_Your goal_
Once the pictures are removed, restate the data below word for word.

_Given material_
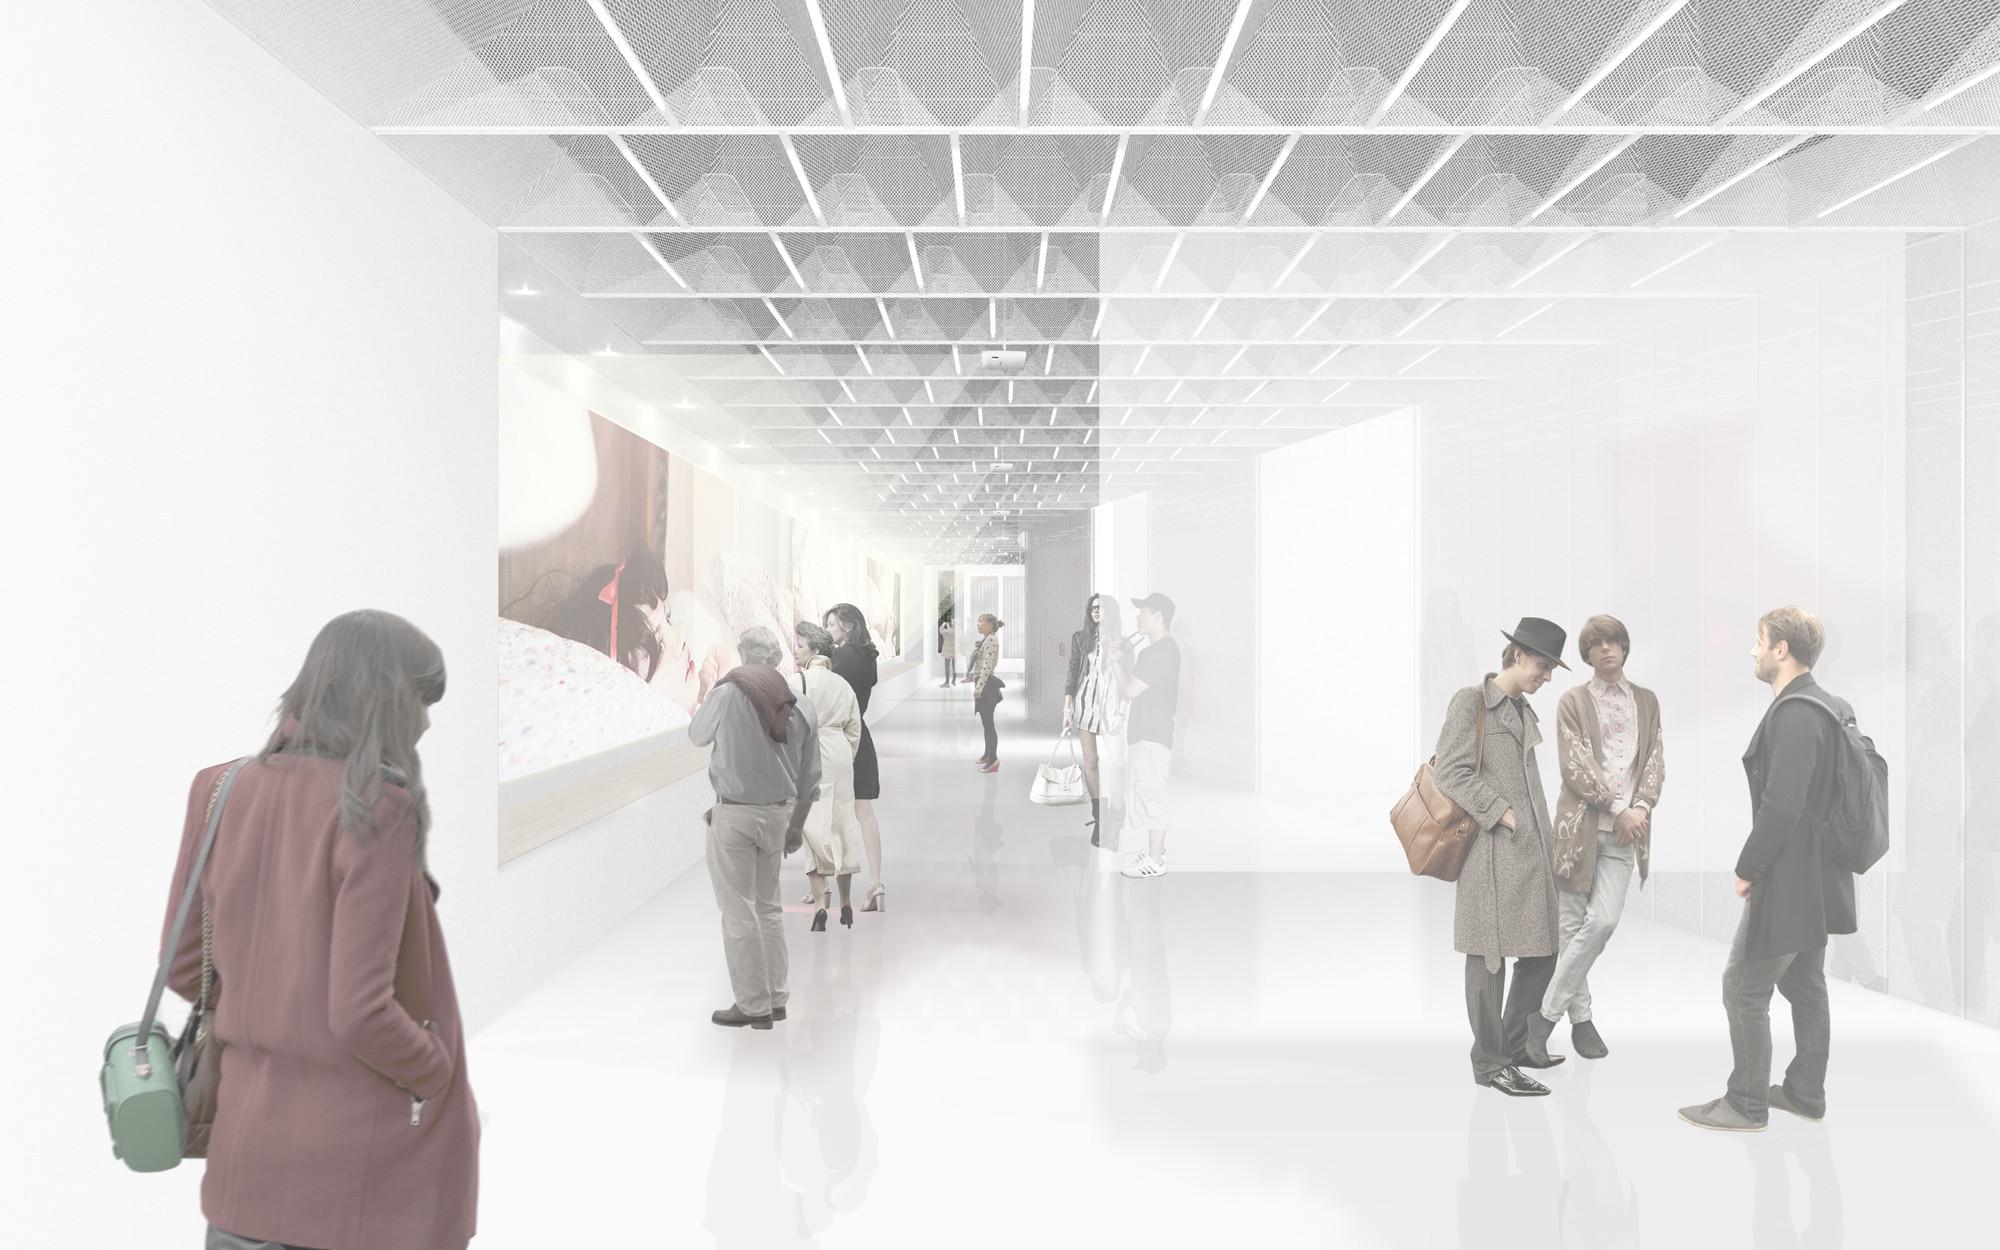 Multi-projection exhibition scenario. Image © Collective-LOK
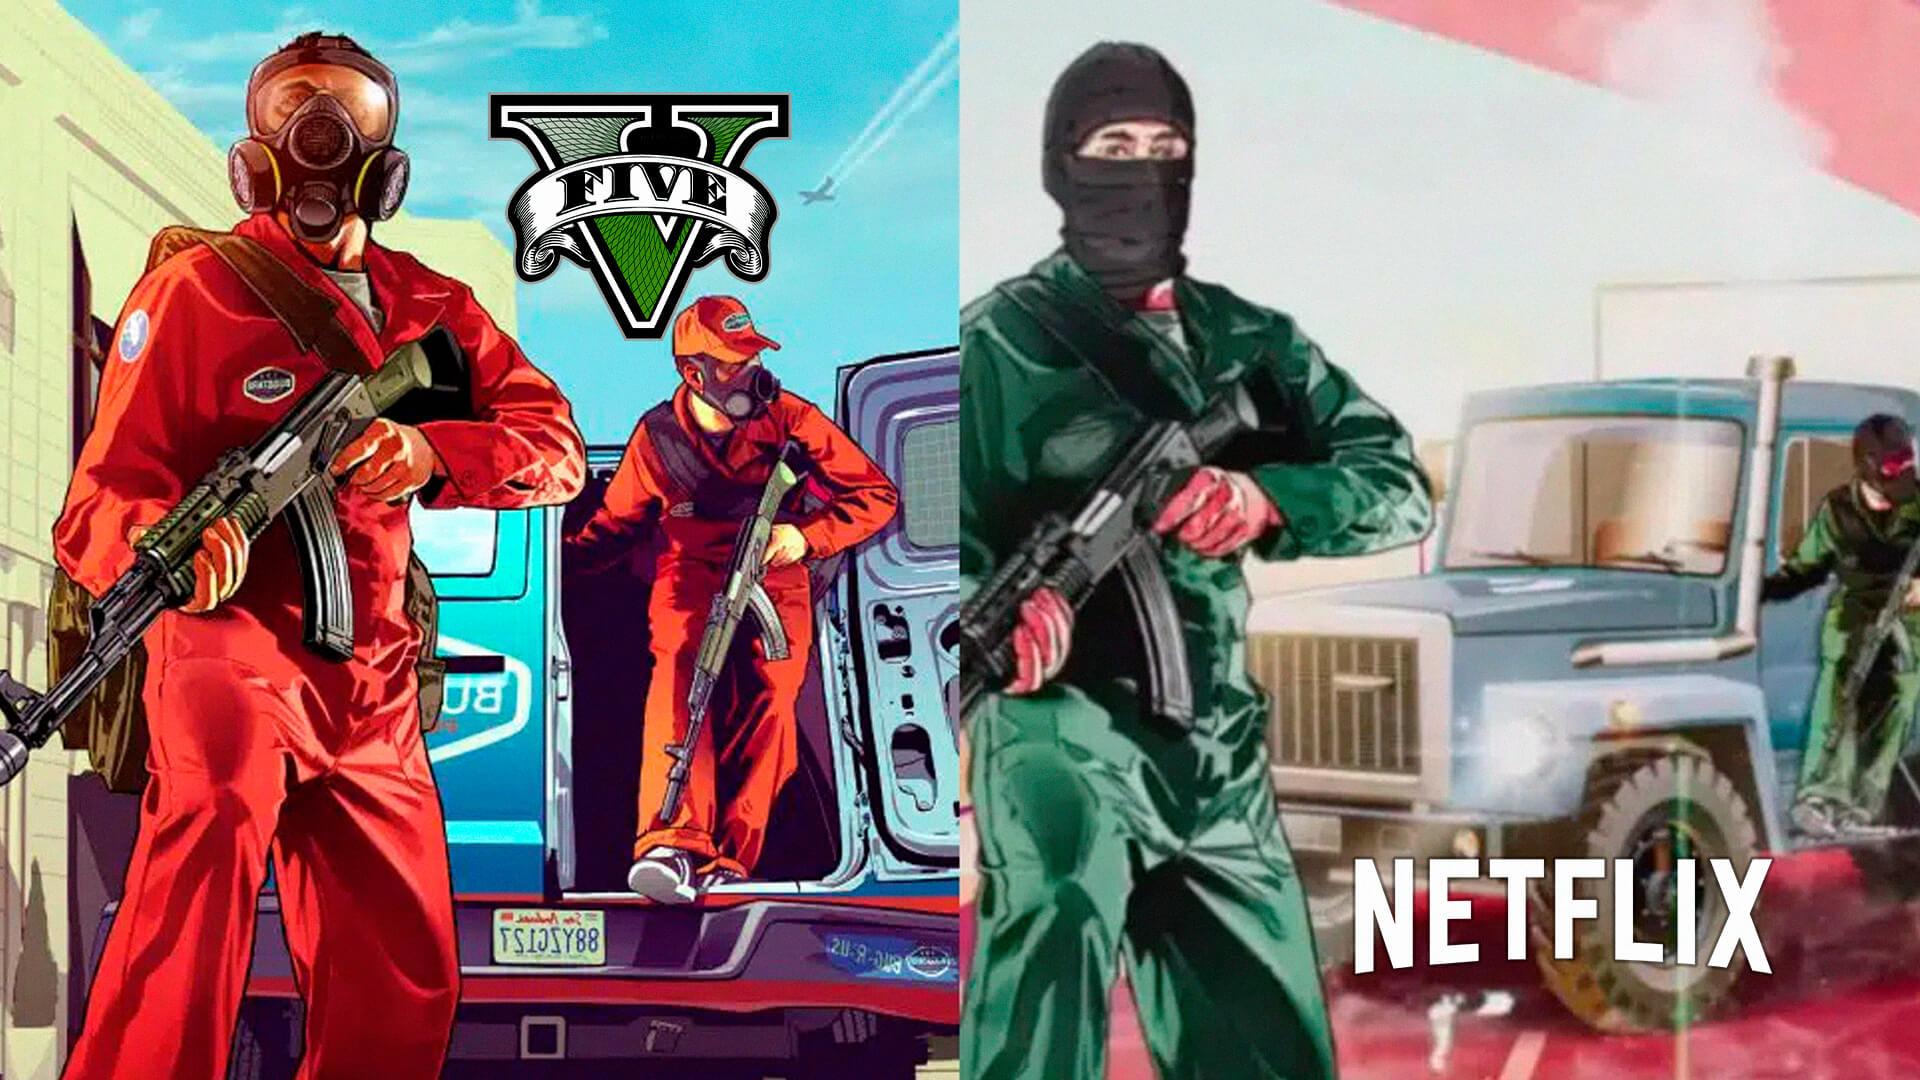 Os fãs da Rockstar Games estão acusando uma nova série da Netflix de copiar as artes de GTA Online e Grand Theft Auto 5.
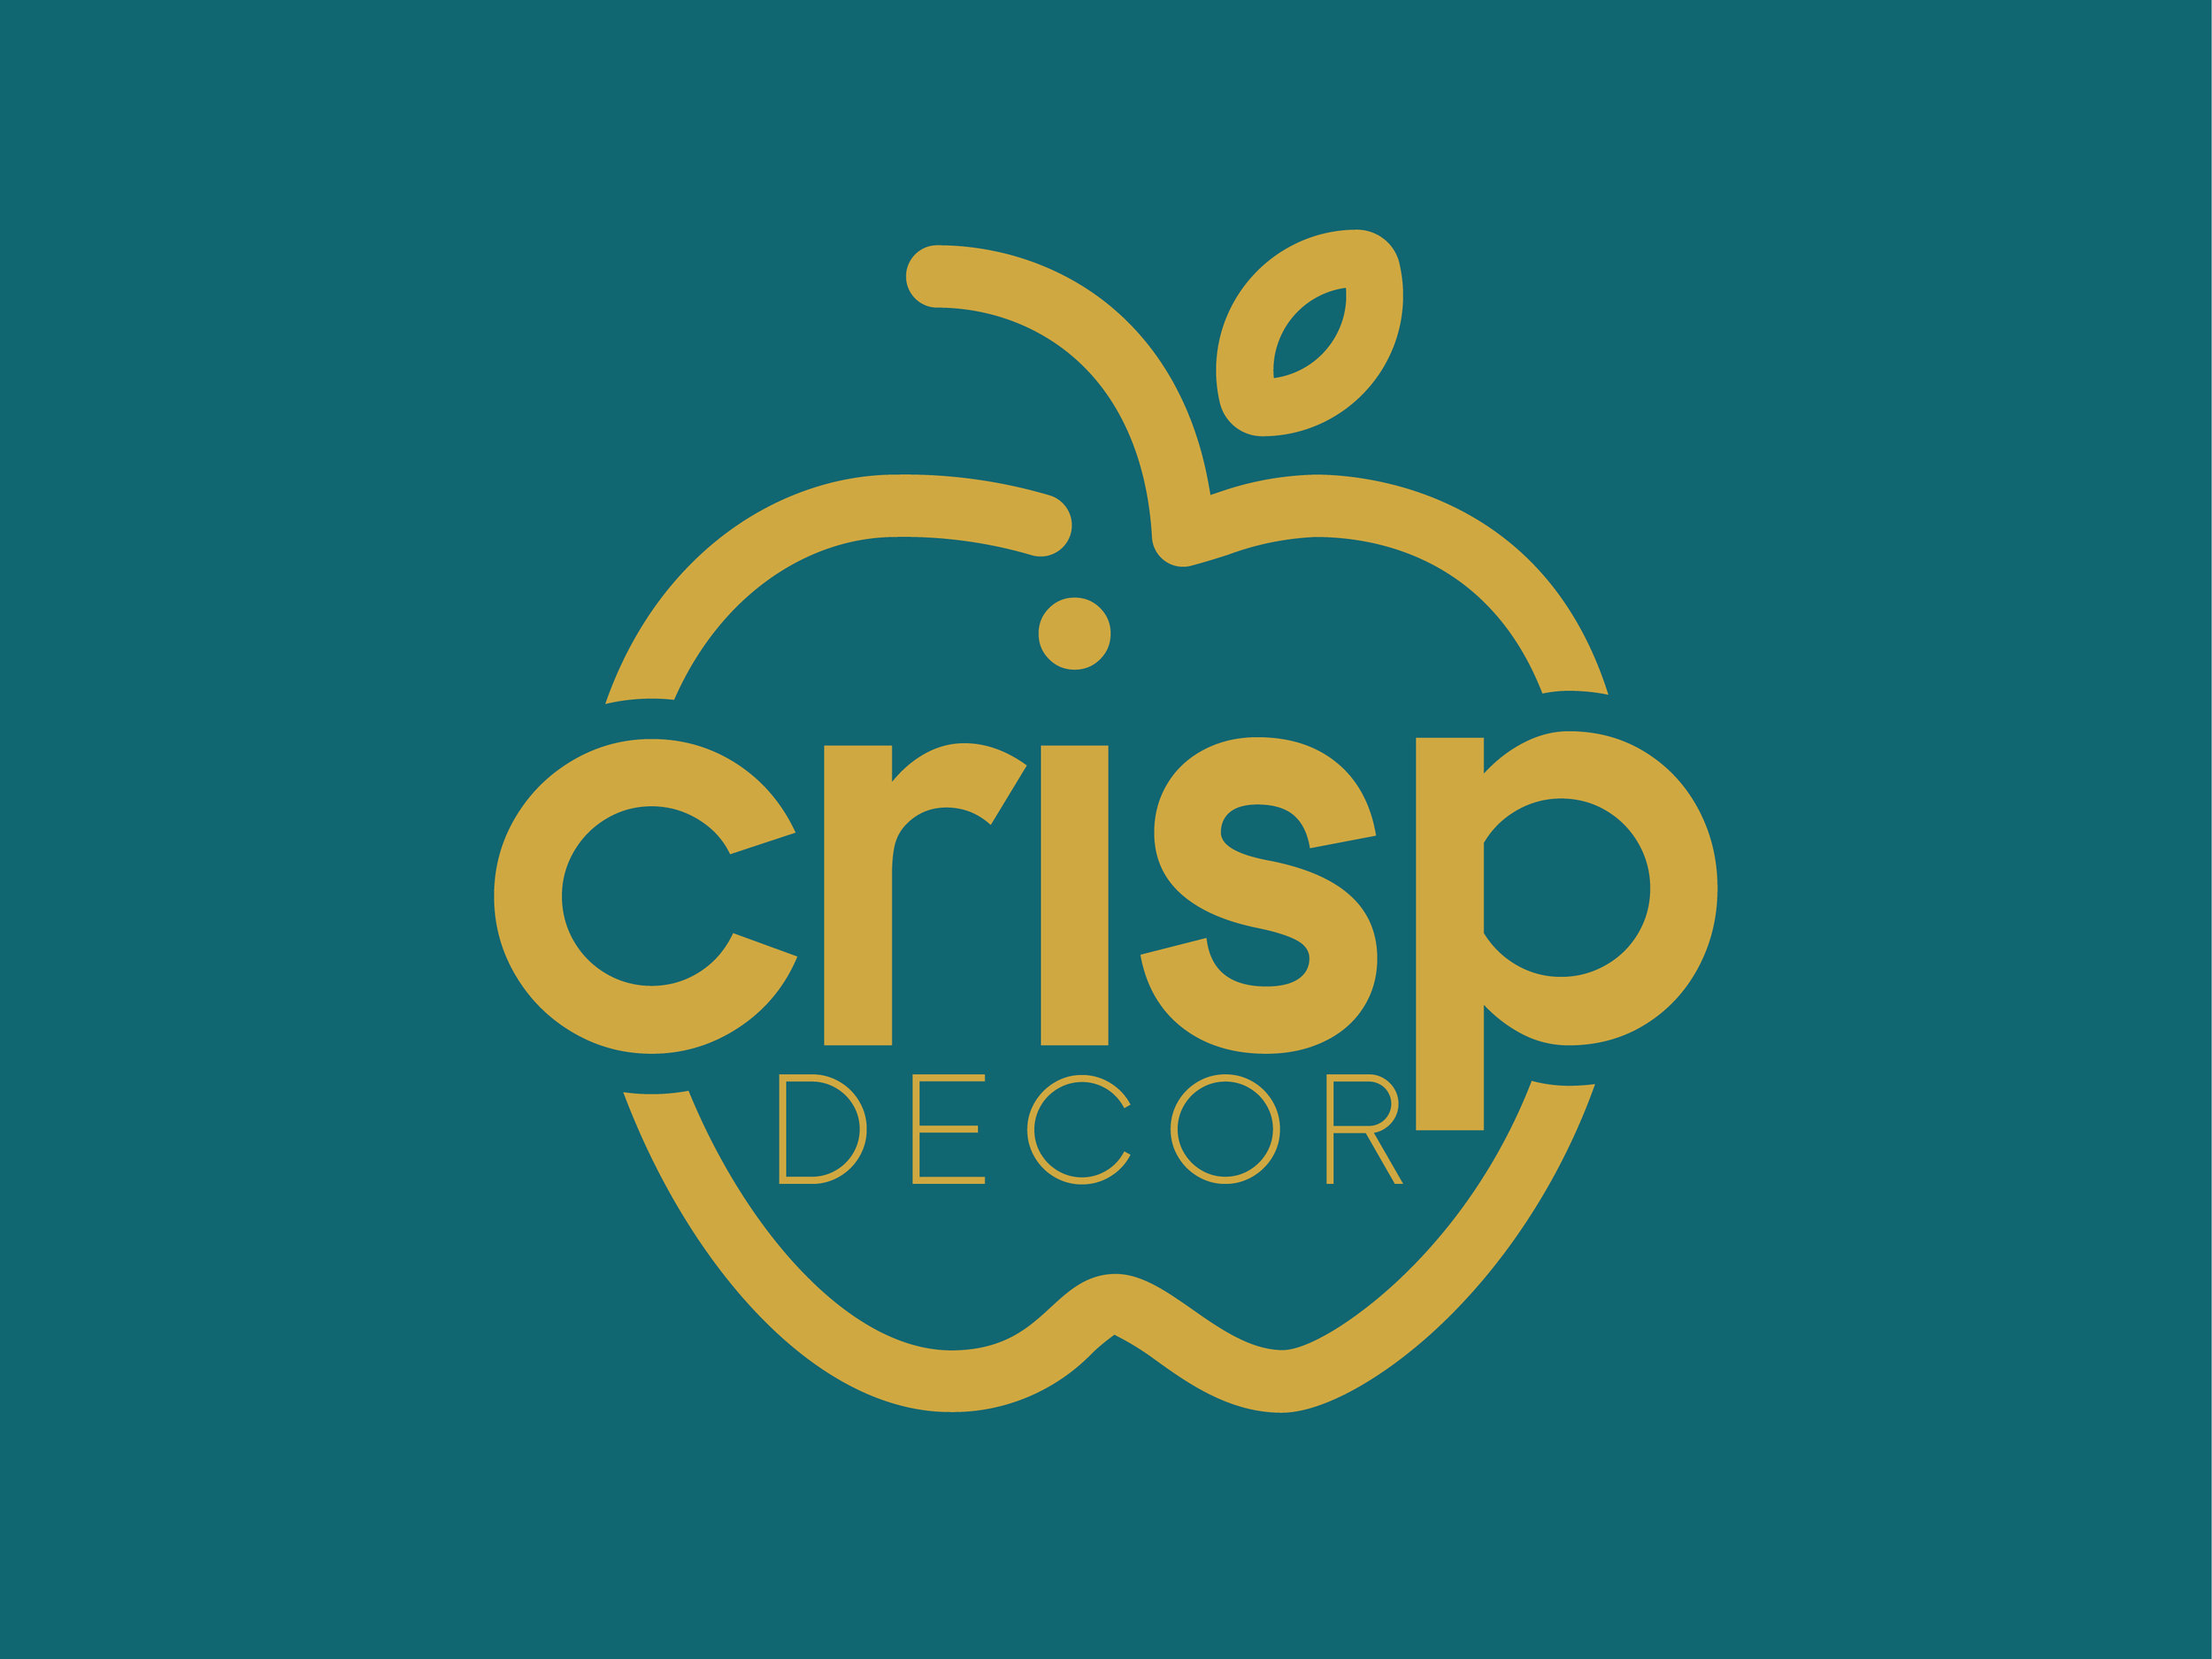 CrispDecorDribbble.jpg
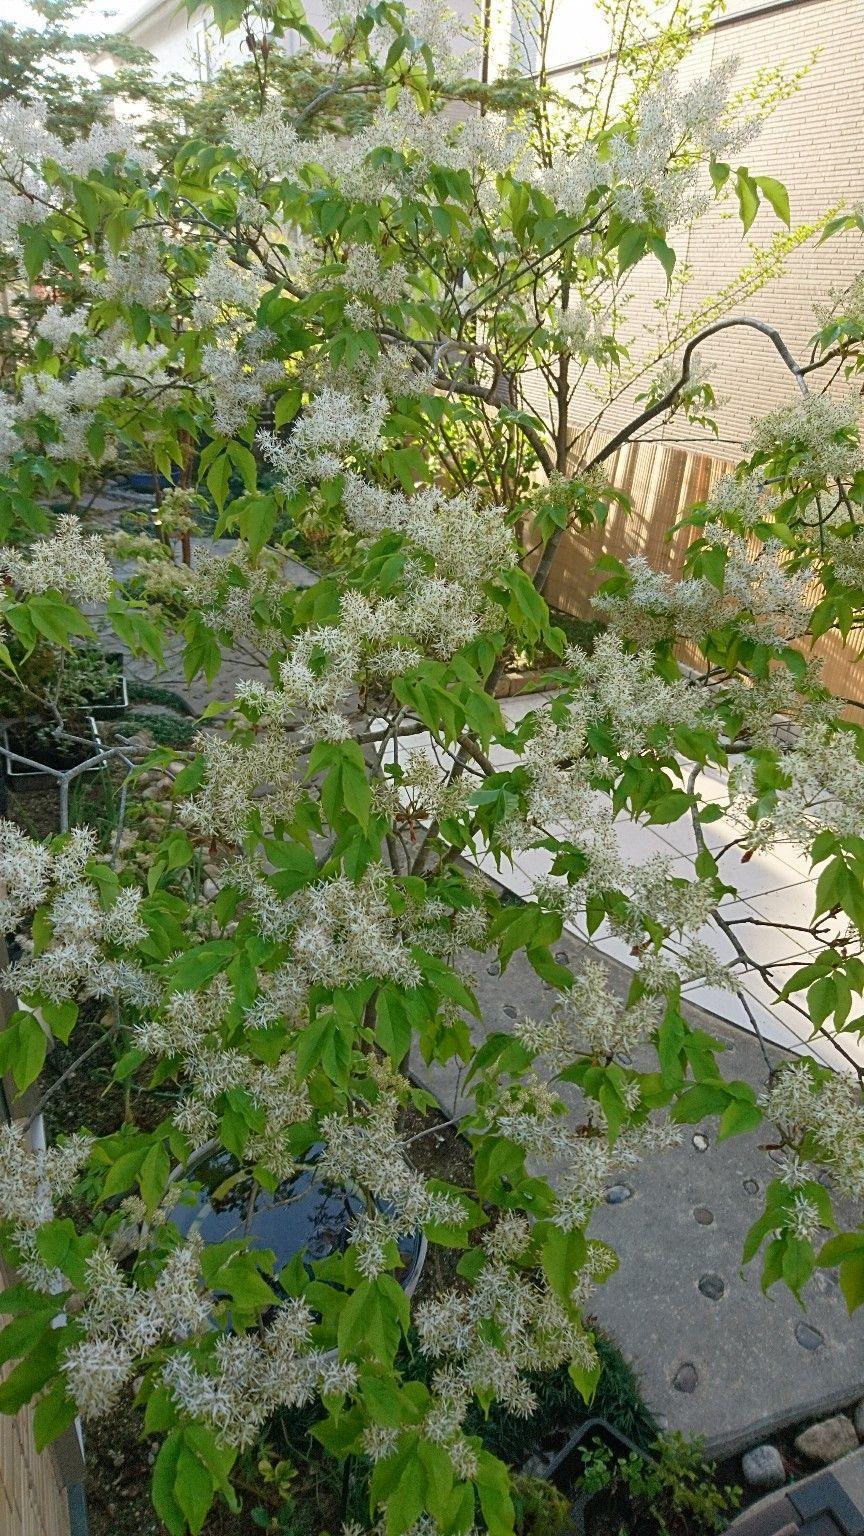 ボード 雑木の庭の苗木と草花ショップ ぞう木りん のピン

_Your response_
 Multi-projection exhibition scenario. Image © Collective-LOK
 Os fãs da Rockstar Games estão acusando uma nova série da Netflix de copiar as artes de GTA Online e Grand Theft Auto 5.
 CrispDecorDribbble.jpg
 ボード 雑木の庭の苗木と草花ショップ ぞう木りん のピン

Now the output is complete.